Slovakia is ranked 129th out of 178 countries in the Satisfaction with Life Index. According to the World Values Survey (2005), Slovaks were among the least happy people in the world, trailing only Russians, Belarussians, Ukrainians, and Bulgarians.
Martina Hingis (born 1980) is a tennis champion and former World No. 1 who has won five Grand Slam singles titles and nine Grand Slam women's doubles titles. She was born in Slovakia to a Slovak father and a Czech mother.
Adriana Sklenaríková (born in 1971), better known in many countries under her married name Adriana Karembeu, was born in Slovakia to a Slovak mother and a Czech father.
Andy Warhol (1928-1987), whose parents immigrated from Miková in north-eastern Slovakia, is probably the most famous American of Slovak descent.
For 2007, the Slovak economy is expected to grow at the third fastest rate in the EU-27 (after Latvia and Estonia).
The GDP per capita in Bratislava (the capital) is three times that of the country's poorest provinces.

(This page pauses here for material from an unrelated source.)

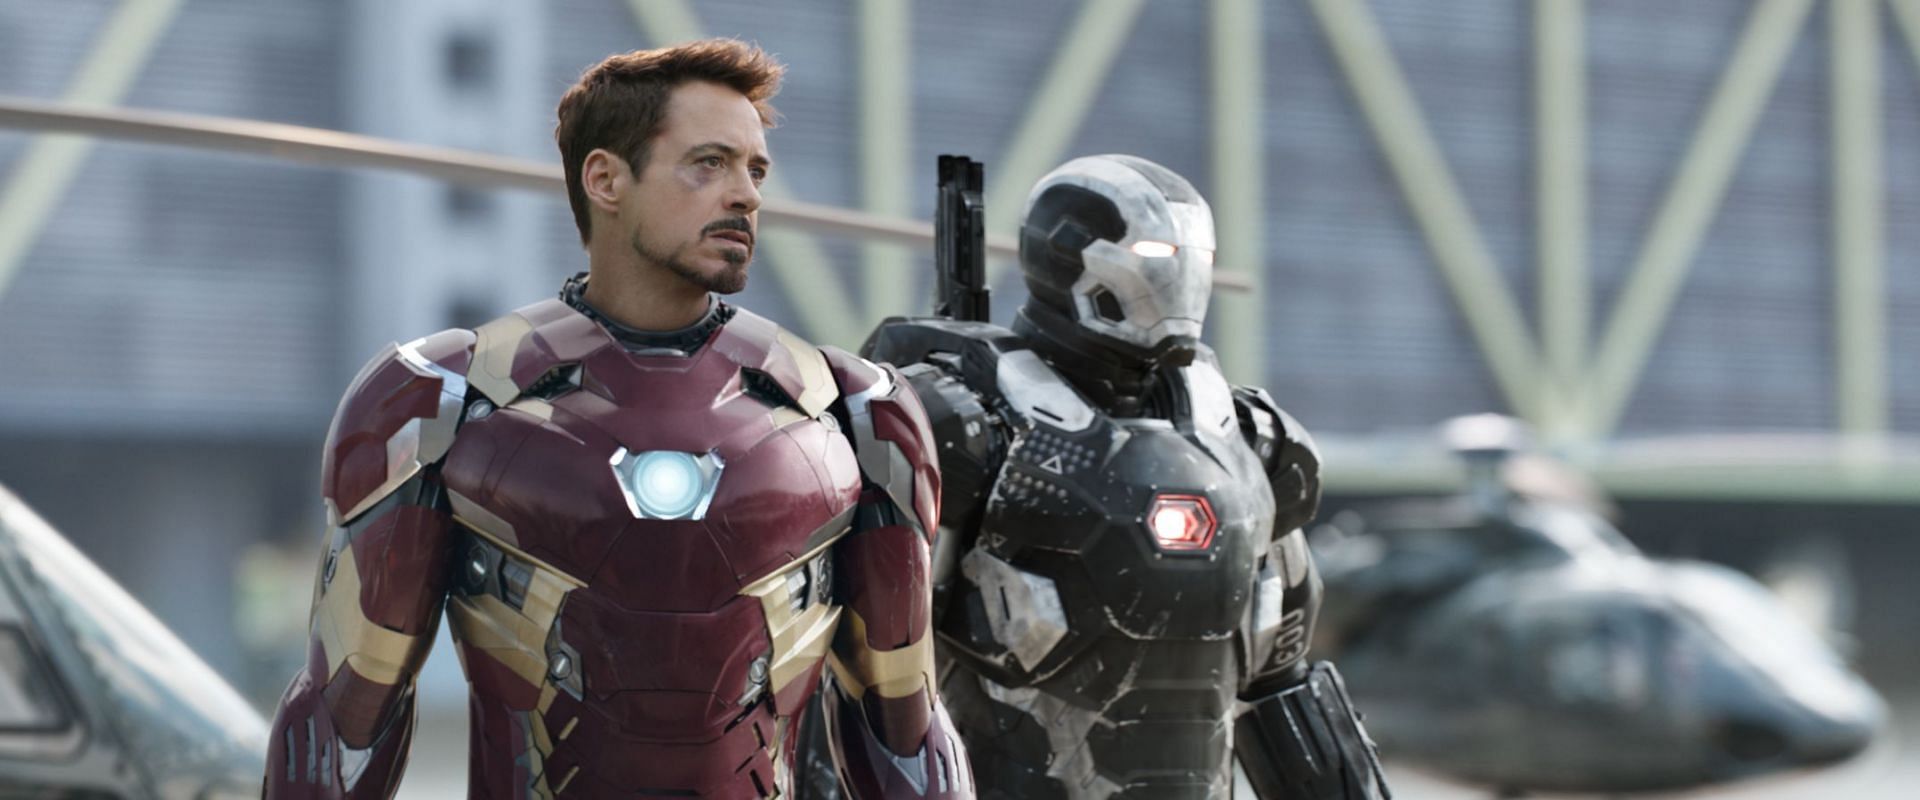 The Mark XLVI was a groundbreaking leap in Iron Man technology (Image via Marvel)

In fact, it is 30% higher than the EU average and ranks second in Eastern Europe only to Prague.
Only 5% of all working women in Slovakia work part-time.
Slovakia had the highest unemployment rate in the EU (10.8%) in 2006, though it had been steadily declining since 2001, when it peaked at 19.2%. Inflation also fell sharply, from 12.0% in 2000 to 2.5% in 2007.
On January 1, 2009, Slovakia became the second country from the former Communist bloc to adopt the Euro as its currency.
Štefan Banič (1870-1941) invented and patented the first actively used parachute in 1913.